Ask HN: Coffee Drinkers, How Do You Brew? - crcsmnky

Not in love with my current coffee setup and looking to hear what other folks are doing with their coffee setups? Do you just drink whatever is around or do you heat your water to 175F using a fancy temp-controlled kettle and press it?
======
nandemo
I follow the guidelines quoted below. I use an old electric kettle: not very
fancy, you just plug it in and it boils the water. There's no temperature
control settings, but there's no need: the water comes out about 92C, which is
just right. Note that 175F=80C is not hot enough, it's "supposed" to be over
90C. But try it for yourself a couple of times and see if you can tell the
difference.

I use a plastic pour-over filter and a manual burr grinder by Kyocera, which
costs around U$25. I use coffee ground in the same day or in the previous day.
In my experience this is what makes the biggest difference.

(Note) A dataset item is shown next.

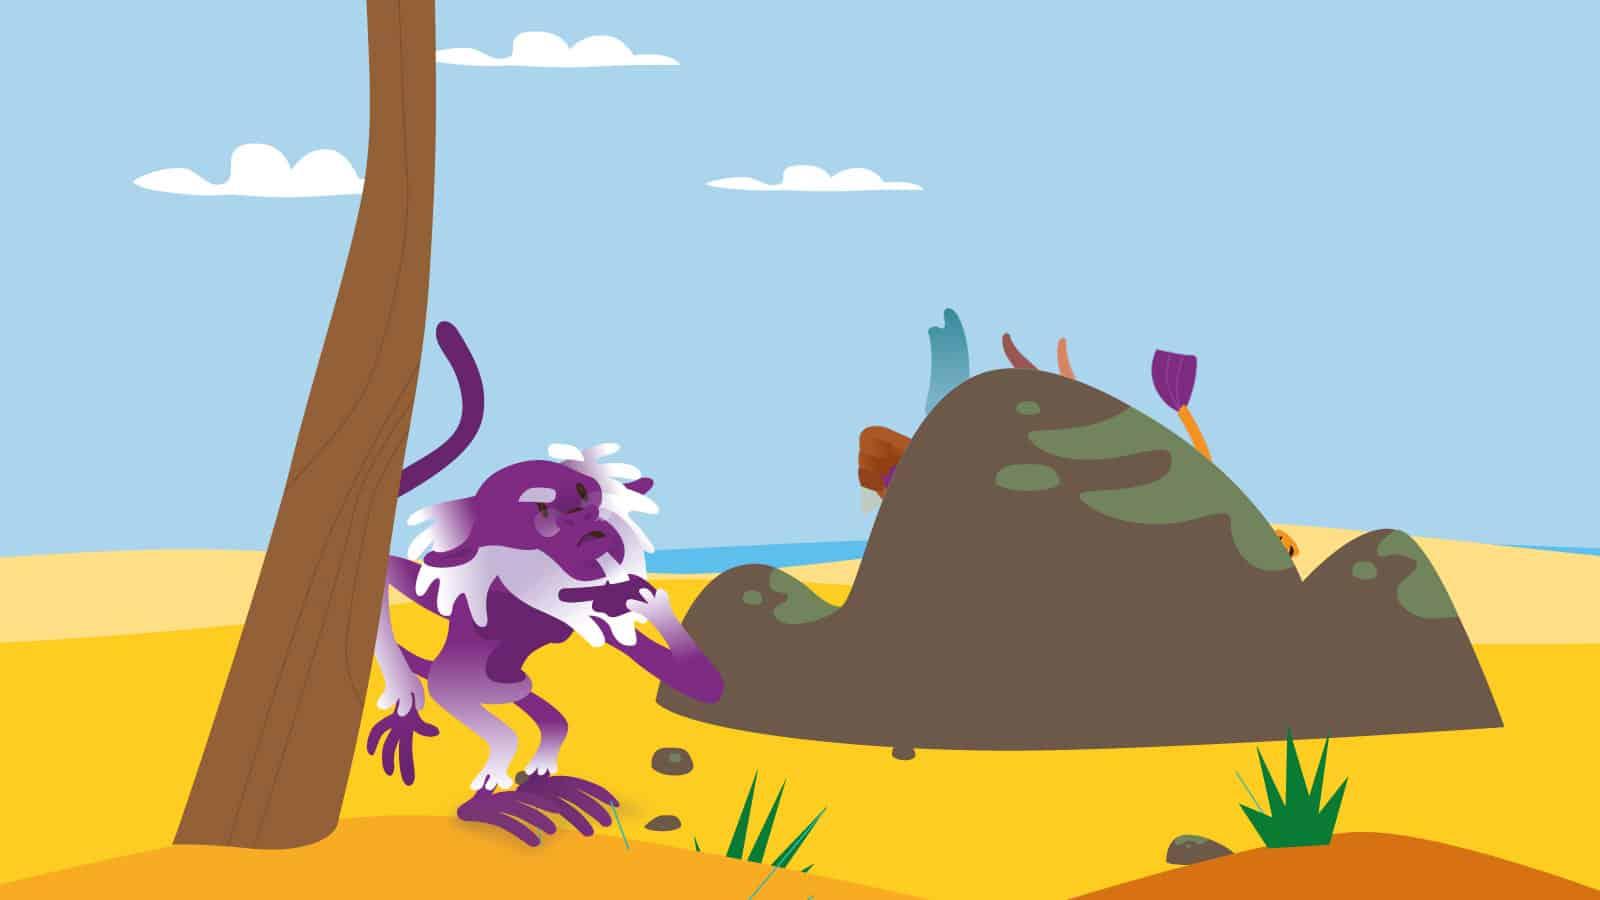 Safari Lokali – Vind alle vriendjes in jouw buurt

I usually buy beans at an import shop that has good turnout, so I know the
beans are fresh. But last time I ended up buying at Starbucks and it was...
awesome. Really.

    
    
        If you follow these three guidelines and do nothing
        more, you will enjoy coffee better than you can find 
        in most specialty coffee shops:
    
        1. Buy only whole-bean coffee roasted within the last 
        few days.
        2. Grind it fresh, just before brewing.
        3. Brew it in a French press or a pour-over filter using
        fresh water, off the boil.
    

<http://blog.moertel.com/pages/coders-guide-to-coffee>

------
shanecleveland
I've been using the cold brew method for a couple months now and prefer it to
the traditional drip coffee method, at least. It's a more involved process for
the initial brewing, but once you have a large batch of concentrate, you can
have hot or iced coffee in seconds for a week or more. And I really enjoy the
flavor I've gotten from this method: <http://www.coldbrewingcoffee.net>

------
Retreads
Complete coffee snob here, but I also like to think that I can find the happy
medium between crazy/exquisite and important. Here are my pointers:

1\. The most important factor is fresh grind of good-enough beans. Grind just
enough for each brew.

2\. Water temp, which you mention, makes a difference, but no need to get a
fancy kettle. Take water off a boil and count 10 seconds. Good enough!

3\. Good-enough beans are basically anything that you can buy in whole-bean
form. You could spend $10 on a pound of high-end Starbucks or you could spend
$5 on a mid-range pound of 8 O'Clock. They taste different, but I find both
levels of coffee to be sufficient.

4\. Make coffee stronger than necessary and dilute to your preference. Never
use fewer beans than necessary as it will make the coffee bitter.

5\. Like flavors? Add them afterwards. Additives in flavored coffee will
generally leech into almost any brewing vessel and subtly alter future
batches.

Brewing method generally doesn't matter. French press is nice if you don't
mind inevitable grit and a manual process. Most auto coffee makers are good
enough. I try to steer people away from cups and pods due to waste, cost, and
the fresh-grind factor, but they are very convenient if you're optimizing for
time. My preferred work/flavor balance is a Melitta cone filter that requires
hand pour of water.

Good luck!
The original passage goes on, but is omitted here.